Withers v. Timber Products, Inc.

574 So. 2d 1291, 1991 WL 13283
CourtLouisiana Court of Appeal
DecidedFebruary 6, 1991
Docket89-840
StatusPublished
Cited by16 cases

This text of 574 So. 2d 1291 (Withers v. Timber Products, Inc.) is published on Counsel Stack Legal Research, covering Louisiana Court of Appeal primary law. Counsel Stack provides free access to over 12 million legal documents including statutes, case law, regulations, and constitutions.

Bluebook
Withers v. Timber Products, Inc., 574 So. 2d 1291, 1991 WL 13283 (La. Ct. App. 1991).

Opinion

574 So.2d 1291 (1991)

James D. WITHERS, Plaintiff-Appellee,
v.
TIMBER PRODUCTS, INC., Defendant,
John Makar, Defendant-Appellant.

No. 89-840.

Court of Appeal of Louisiana, Third Circuit.

February 6, 1991.
Rehearing Denied March 8, 1991.

*1292 R. Stuart Wright, Natchitoches, for plaintiff/appellee.

John Makar, Natchitoches, for defendant/ appellant.

Before GUIDRY, STOKER and DOUCET, JJ.

GUIDRY, Judge.

Defendant, John Makar, suspensively appeals a judgment of the district court finding plaintiff, James D. Withers, totally and permanently disabled and casting him for *1293 $262.00 per week in worker's compensation benefits from May 21, 1986 plus penalties, attorney's fees and all related medical expenses. We amend and affirm as amended.

Plaintiff, James D. Withers, a truck driver, was injured May 21, 1986, as he attempted to dismount from a front end loader at the Timber Products, Inc. saw mill near Provencal, Louisiana. According to Withers, as he was dismounting from the front end loader, his pants leg snagged on a brake lever, causing him to fall, injuring his back. The accident allegedly took place at approximately 1:30 a.m. with no witnesses present. The record reflects that Withers finished his deliveries early that same morning, but has not worked since. Plaintiff testified that he notified Larry Davis, the mill superintendent, of his accident just before the mill opened on the morning of May 21, 1986. Davis, on the other hand, maintained that he learned of the alleged injury from plaintiff's brother when Withers was hospitalized.

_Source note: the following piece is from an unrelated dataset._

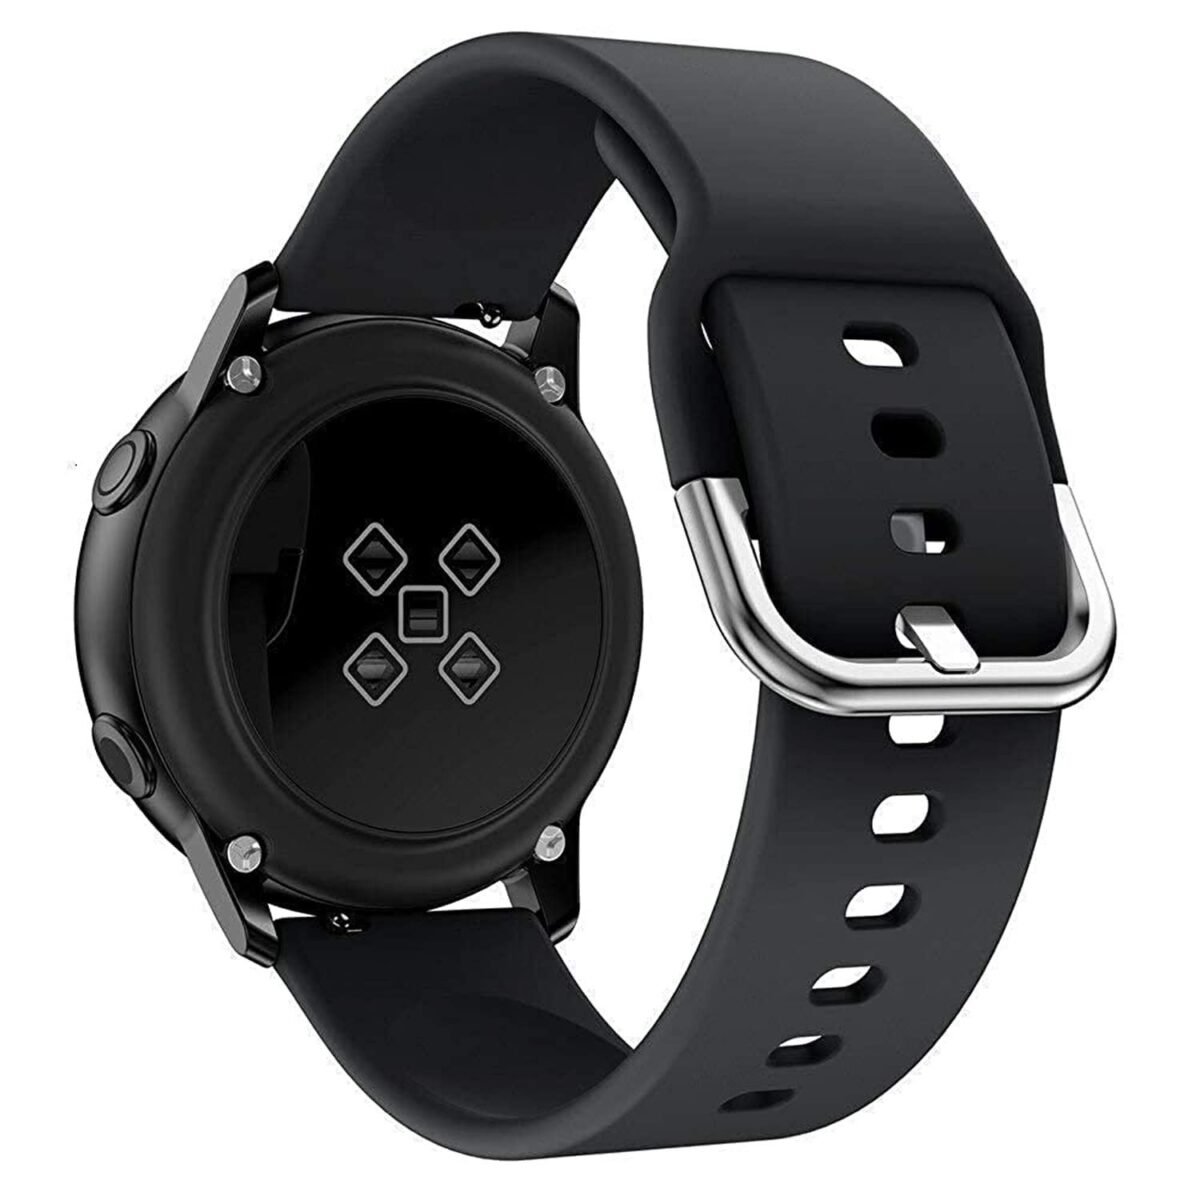 Gladiadora® 20mm Strap for Smart Watch with Stainless Steel Buckle Compatible with Amazfit Bip, Amazfit GTS, Galaxy Watch

Following Timber Products' rejection of a worker's compensation recommendation from the State Department of Labor, suit was timely filed against that corporation. By supplemental and amending petition, John Makar, appellant, was added as a defendant. In his supplemental and amending petition, plaintiff alleged that Timber Products was the alter ego of Makar and prayed for judgment against Makar. Makar filed an exception of prescription, which is reurged on appeal, based upon plaintiff's amending petition being filed more than one year after the date of plaintiff's accident. The trial court overruled Makar's exception of prescription and, as aforestated, rendered judgment in favor of plaintiff.

On appeal, in addition to reurging his exception of prescription, Makar raises four other issues: (1) plaintiff was an independent contractor and thus is not entitled to worker's compensation benefits; (2) the trial court erred in finding plaintiff entitled to compensation without corroborating proof of plaintiff's injury and continued inability to work; (3) the trial court erred in finding appellant to be the alter ego of Timber Products and in piercing the corporate veil; and, (4) the award of penalties and attorney's fees was improper.

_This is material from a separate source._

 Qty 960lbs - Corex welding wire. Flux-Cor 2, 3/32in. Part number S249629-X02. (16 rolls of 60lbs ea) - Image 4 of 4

INDEPENDENT CONTRACTOR ISSUE

Appellant argues that plaintiff, a trucker engaged by Timber Products to haul chips, was an independent contractor and thus Timber Products and John Makar are not liable to him for the payment of worker's compensation benefits.

Withers hauled wood chips from the Timber Products mill to a purchaser designated by Timber Products. The record reflects that Timber Products had the right to control and supervise the hauling and exercised the right to direct when and to whom the wood chips were to be hauled. While plaintiff supplied and paid the expenses of the truck used, the price per ton paid to him took into account the mileage involved in making delivery. Plaintiff was required to load his own truck but always used a front end loader supplied by Timber Products.

We find the facts in this case strikingly similar to those in Middleton v. H.M. Stevens Lumber Co., 46 So.2d 508 (La.App. 1st Cir.1950):

"Plaintiff was engaged by Stevens Lumber Company to haul lumber from its mill for so much per thousand for a long haul, and a lesser amount per thousand for a short haul, and was also furnished labor at the lumber company's expense to assist in the loading of heavy lumber and the loading of lumber into railroad cars when it was to be shipped. The plaintiff was to furnish his truck, pay for his own gas, oil and other expenses incidental to the hauling. As the lumber company decided that the plaintiff's truck could not keep up with the hauling of the lumber, it engaged Reese & Lambert who received the same remuneration and hauled under the same terms as the plaintiff ...

It may be fairly concluded from the testimony in this case that the Stevens Lumber Company pointed out the kind and character of the lumber to be hauled *1294 and directed the place of delivery and the person to whom the lumber was to be delivered or whether it was to be loaded in railroad cars, and it clearly had the right to fire or terminate the employment of the plaintiff or Reese and Lambert at any time. The Stevens Lumber Company had the right to control and supervise the hauling and the absolute right to say when and what lumber should be hauled.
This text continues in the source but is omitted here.